Martial Arts NYC: Judo

Judo, Aikido


Nearly all forms of aikido are predicated on avoiding any possibility of pressure-testing their skills against resisting opponents in free-sparring or competitive environments. Nearly all practitioners stick to demonstration and practice with cooperative partners. From this it naturally follows that few aikidoka will be caught on camera trying to apply their skills against anyone, let alone someone training in uncooperative grappling, for instance a judoka.

Top-level aikidoka in particular seem entirely content with practicing their techniques on unresisting high-level students who can be trusted to know the proper responses, as one would trust a stunt double to flop to the ground dramatically when the sound effects of a sci-fi laser are made. One trusts those students will not resist to even the slightest degree. There are well-corroborated accounts (e.g. in the book Angry White Pyjamas) of elite aikidoka purposefully injuring their students when they didn't sufficiently telegraph their attacks for a demonstration.

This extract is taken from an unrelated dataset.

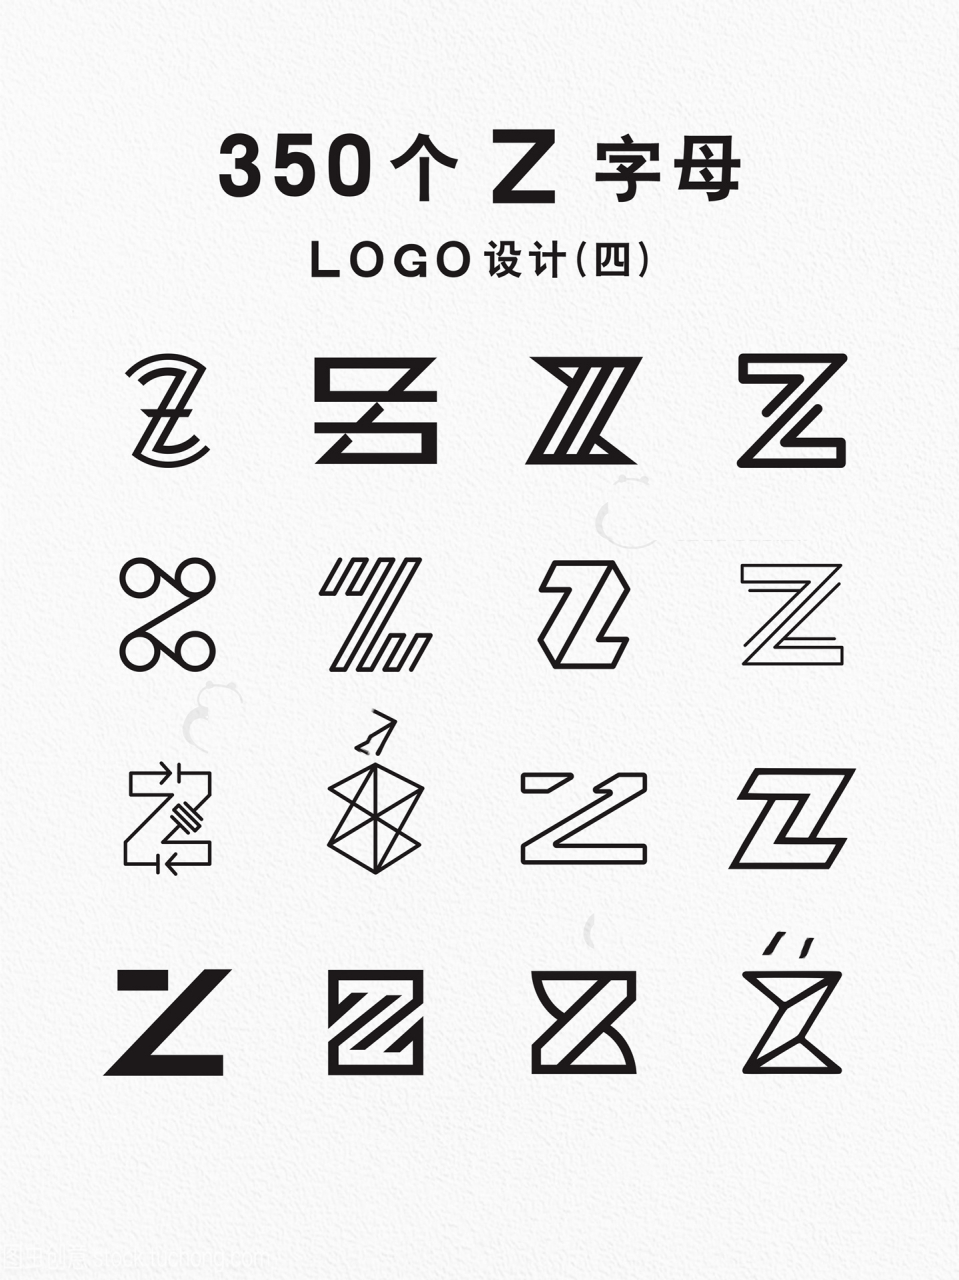 350个字母z的创意logo设计(四) 英文字母z的logo设计大合集, 也是我做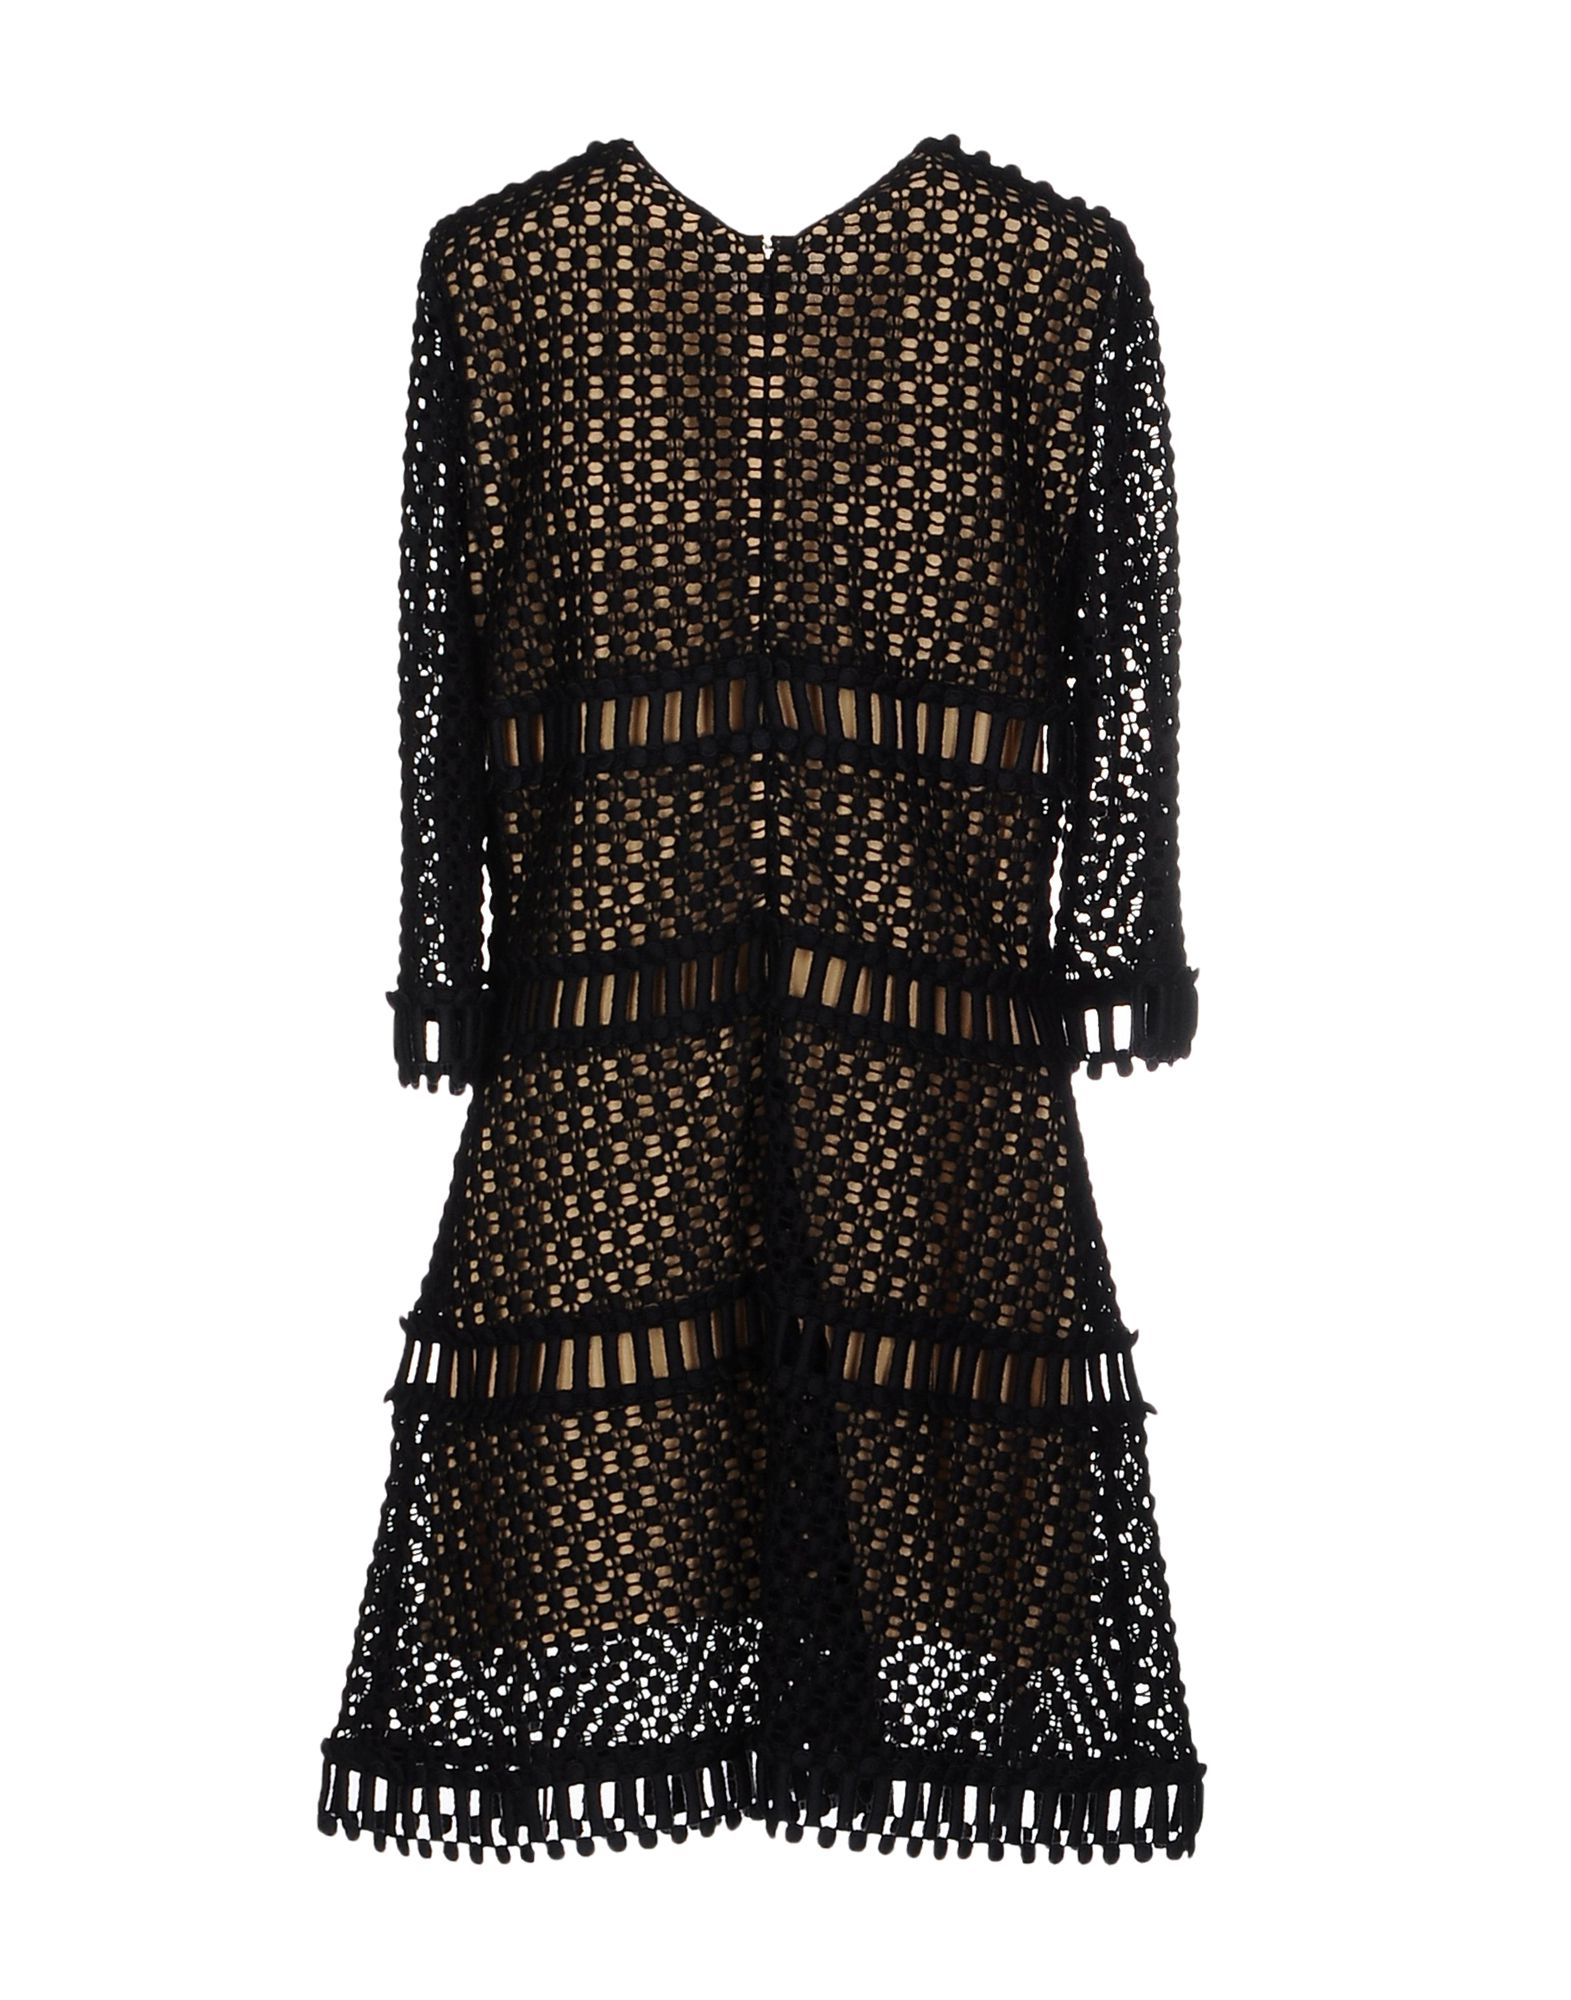 Chloé Lace Crochet Wool-Blend Dress in Navy (Black) - Lyst

I would expect most judo-versus-aikido match-ups to go like this video: the aikidoka trying in vain to apply jointlocks against someone grabbing their gi, the judoka applying their arsenal against someone with no footwork, no gripping strategy for an uncooperative opponent, no throwing ability, and no sense of hip power. This of course would go differently if the aikidoka already had a solid base of judo (or wrestling, or sumo, et cetera) skill to fall back on. This, of course, was the original pipeline for aikido pedagogy: students were already skilled at judo, sumo, or karate, and only then attempted to learn secondary, low-percentage skills like standing armbars or tricking an opponent into throwing themselves.

This is all in addition to the plain facts of modern aikido pedagogy versus the modern judo pipeline. What do each produce, viewed broadly? How does training change the thousands of people who come through each style's dojo? It's fairly reliable that if you examine someone who has done a fair amount of judo, they received from it the ability to safely take a fall, maintain their balance against an opponent, escape bad positions on the ground, and maybe even execute a few foot-sweeps, throws, pins, and chokes. They're probably stronger, more fit, and mentally tougher than when they started, too, especially if they competed a few times. In contrast, what are the reliable effects of aikido on most students? Certainly they will have learned basic rolls and how to fall safely, though not necessarily from rough throws. They may be somewhat more fit. Beyond that it is unclear.